[[ Material for this task open ]]
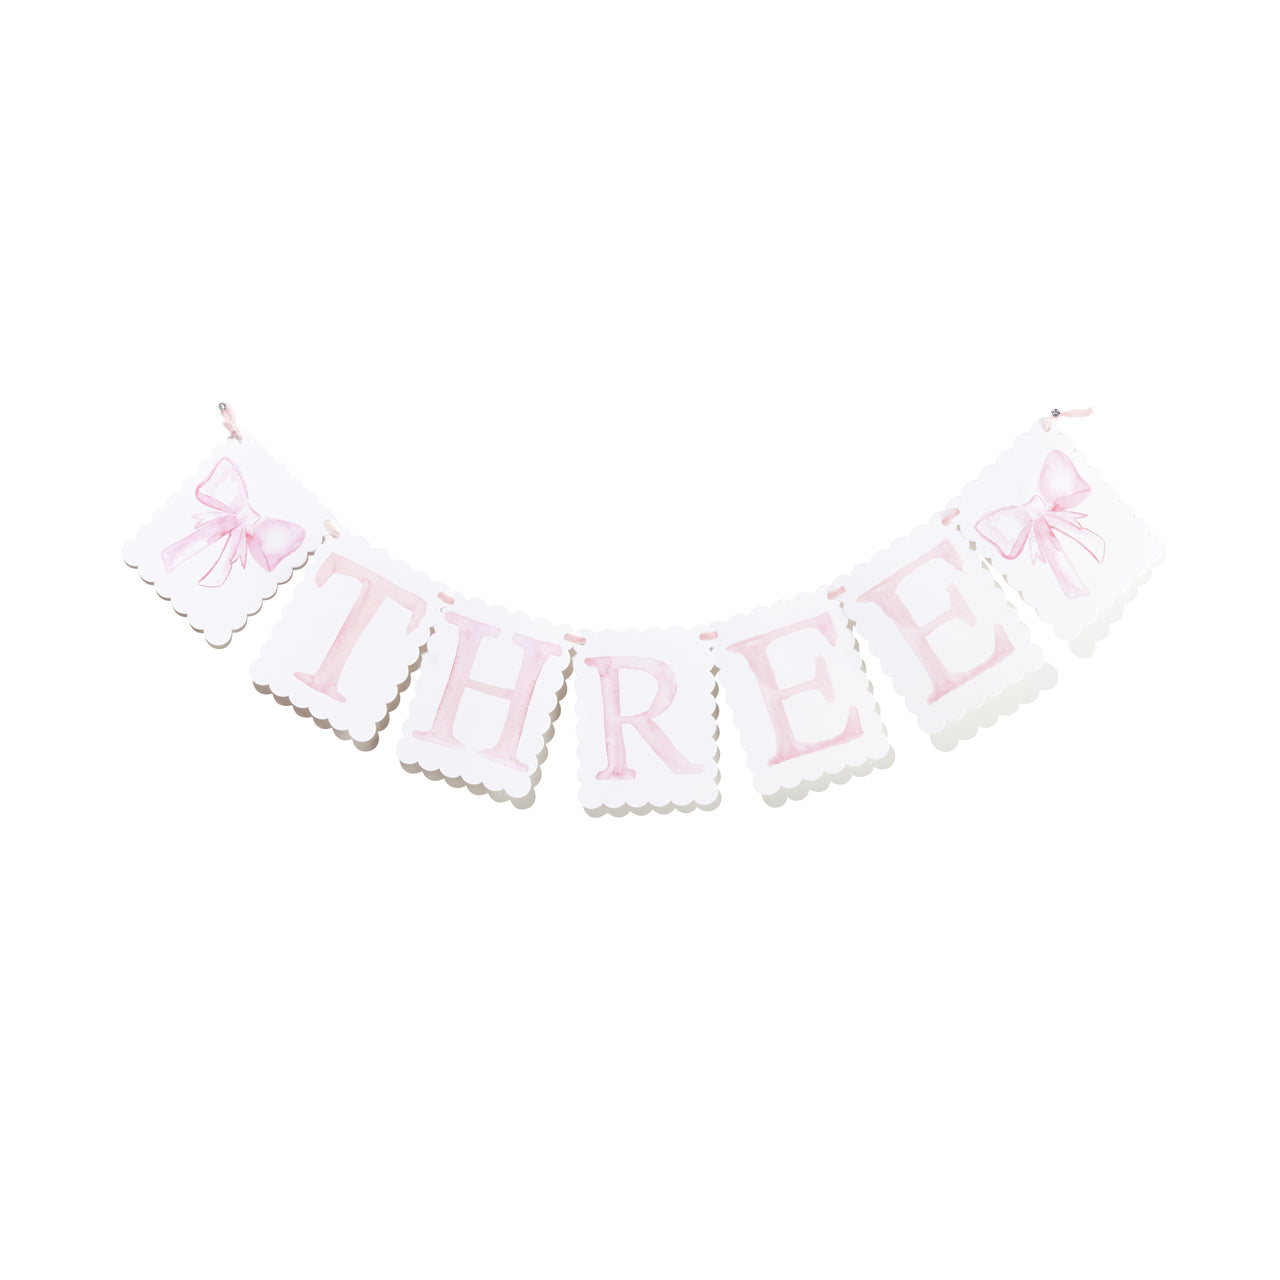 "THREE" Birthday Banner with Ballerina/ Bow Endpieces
[[ Material for this task closed ]]
[[ Material for this task open ]]
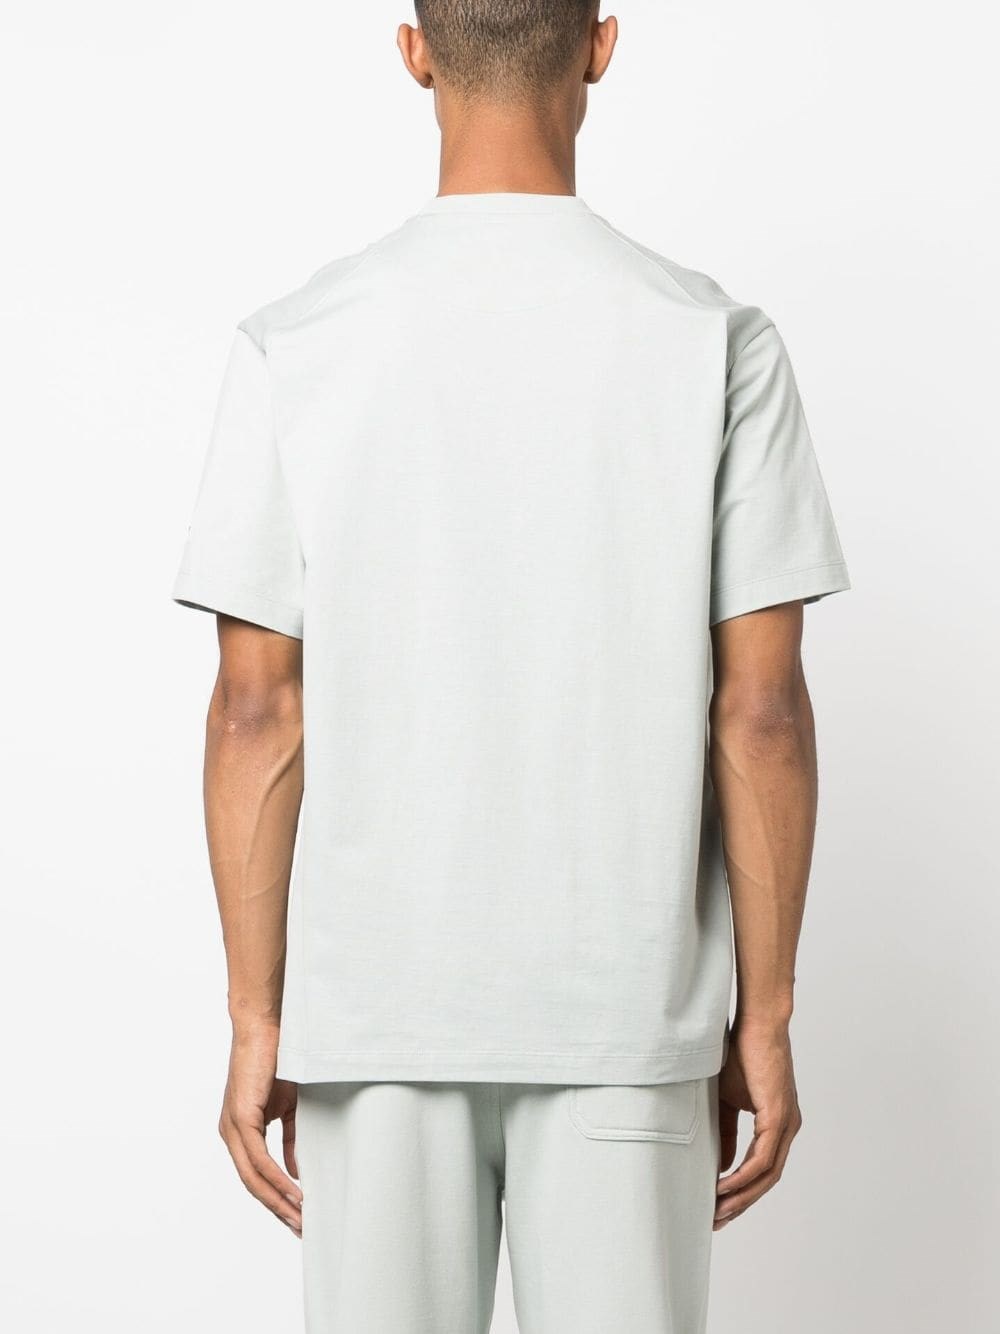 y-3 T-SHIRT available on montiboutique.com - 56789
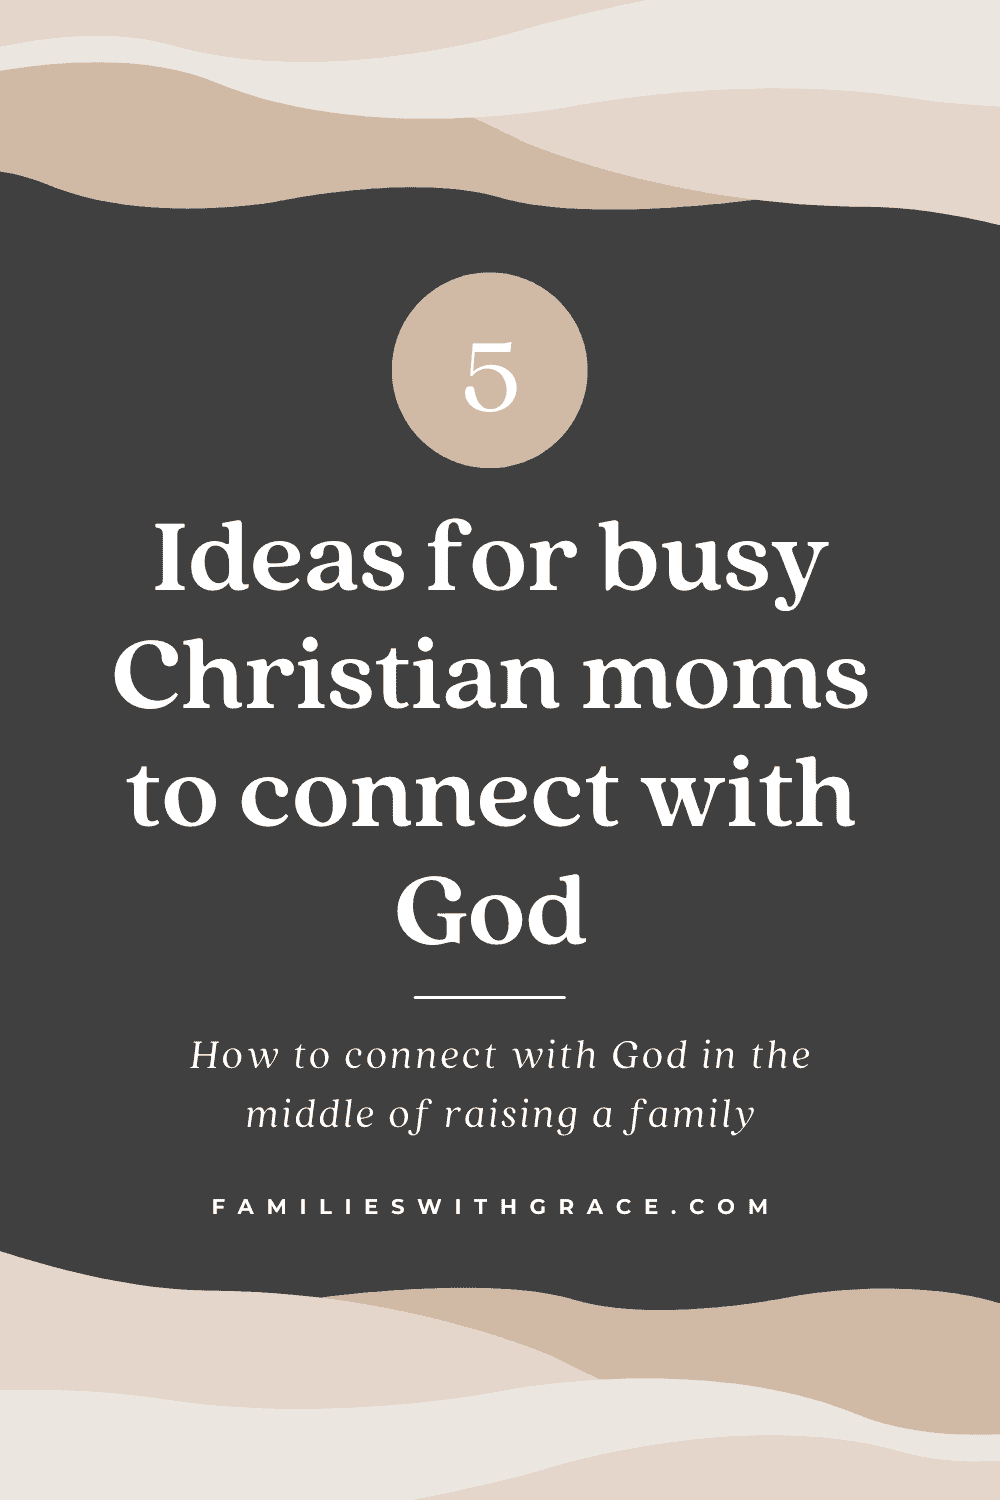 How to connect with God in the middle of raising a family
[[ Material for this task closed ]]
What to do -> Reproduce, word for word, everything in the listing above from the line containing "y-3 T-SHIRT available" down to the line containing "How to connect", both of them included. No pictures.

Exercise output ->
 y-3 T-SHIRT available on montiboutique.com - 56789
 How to connect with God in the middle of raising a family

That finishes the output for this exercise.